Instructions to follow:
Could you retype exactly the lines below between the one holding "Vintage Oneida Silversmiths" and the one holding "Mark Wahlberg for 1280 x 1024 resolution", inclusive, leaving out any pictures?

Material for this exercise:
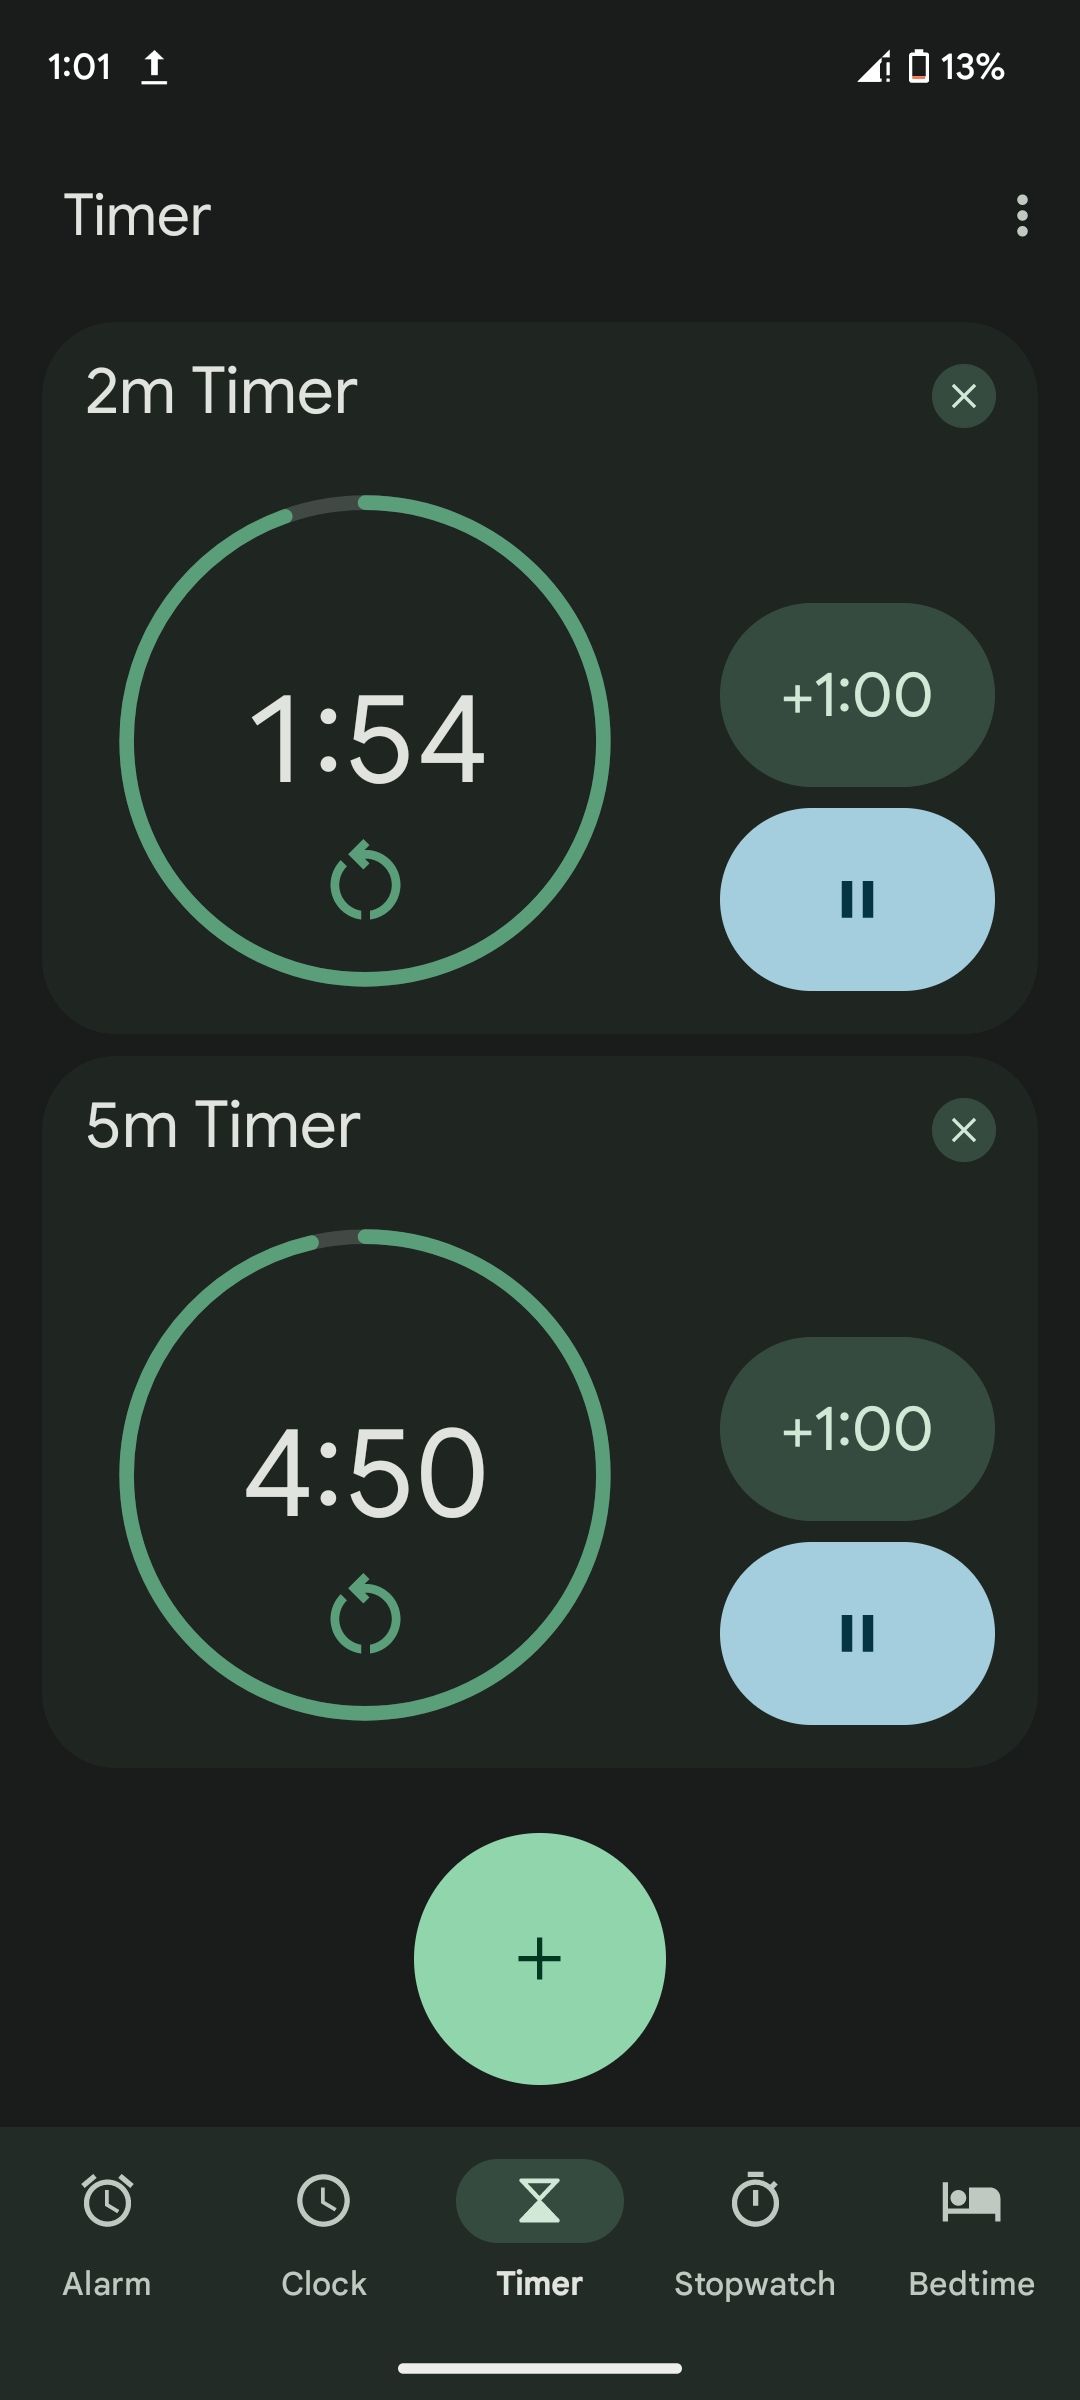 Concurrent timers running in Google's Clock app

* * *

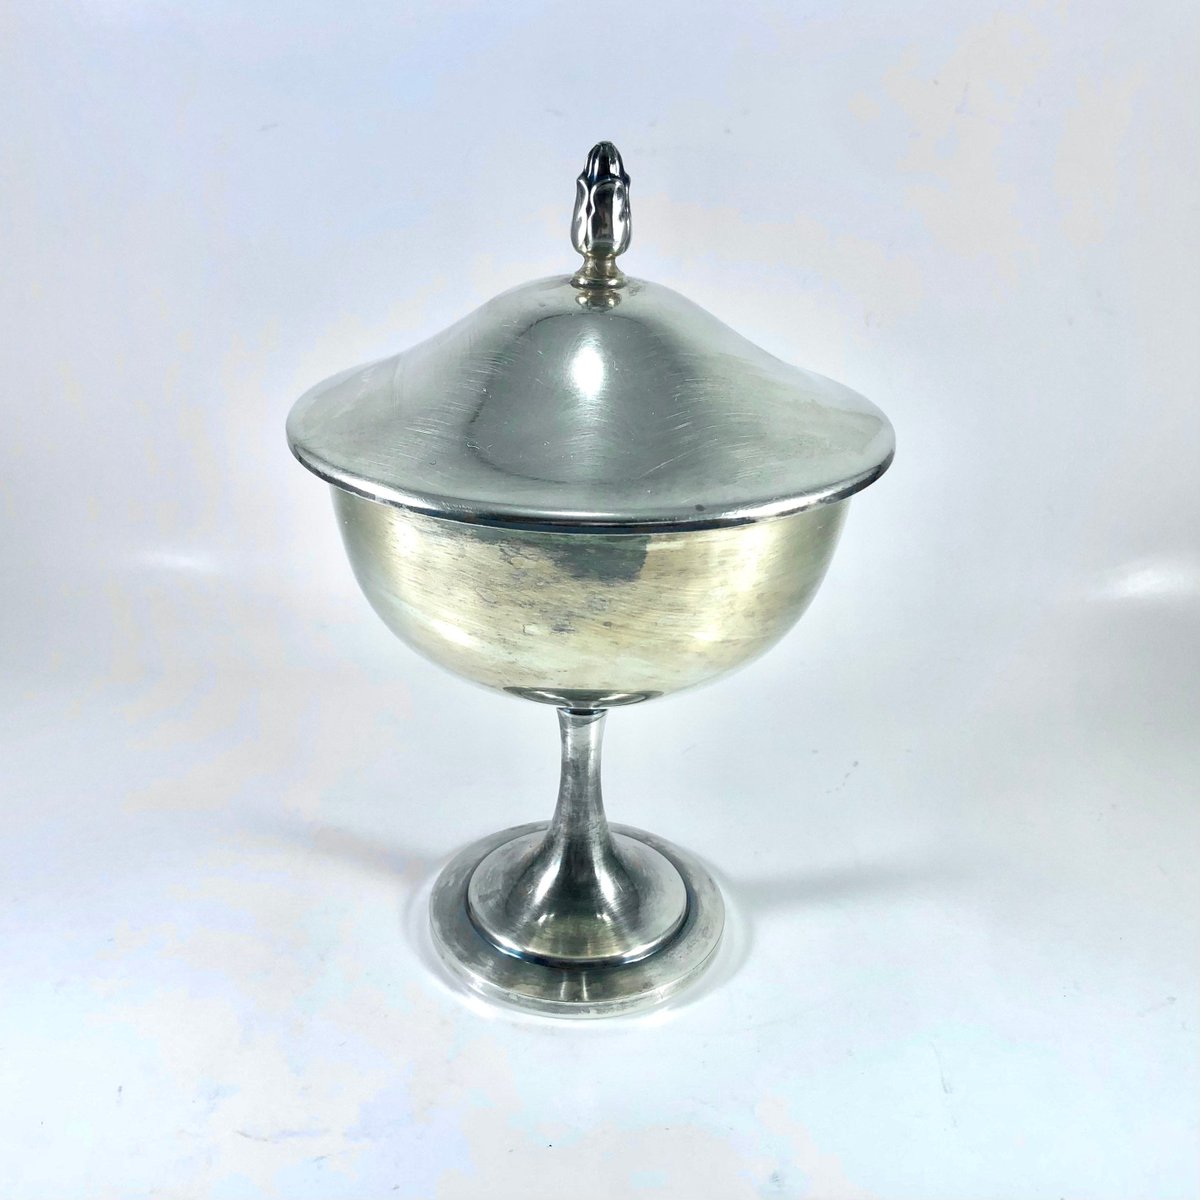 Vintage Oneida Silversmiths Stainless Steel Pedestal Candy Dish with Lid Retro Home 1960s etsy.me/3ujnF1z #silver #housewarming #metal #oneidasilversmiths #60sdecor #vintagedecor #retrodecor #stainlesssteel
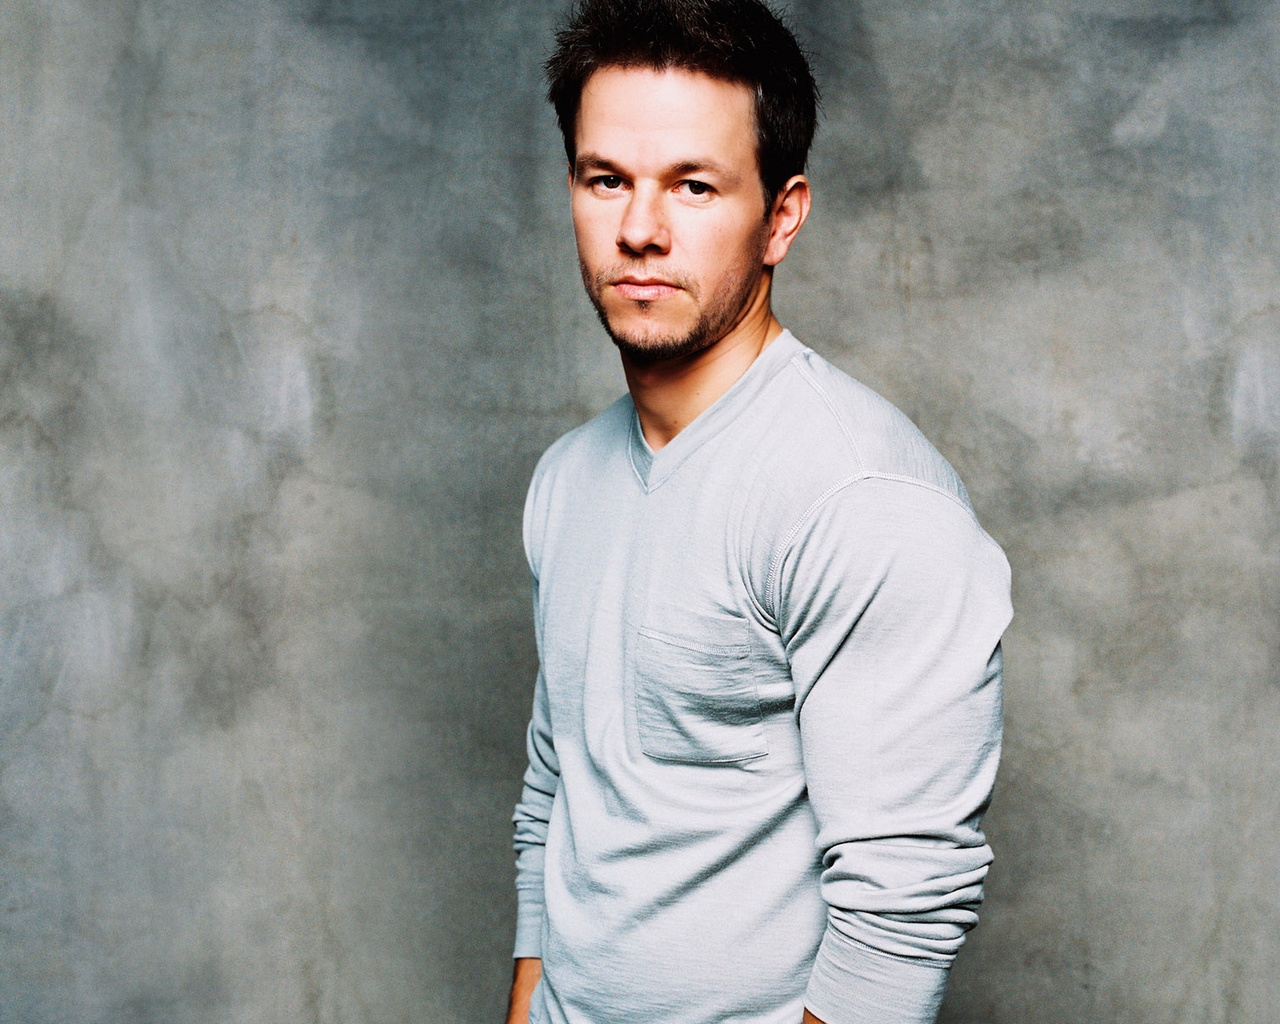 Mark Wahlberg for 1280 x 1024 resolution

Problem solution:
 Vintage Oneida Silversmiths Stainless Steel Pedestal Candy Dish with Lid Retro Home 1960s etsy.me/3ujnF1z #silver #housewarming #metal #oneidasilversmiths #60sdecor #vintagedecor #retrodecor #stainlesssteel
 Mark Wahlberg for 1280 x 1024 resolution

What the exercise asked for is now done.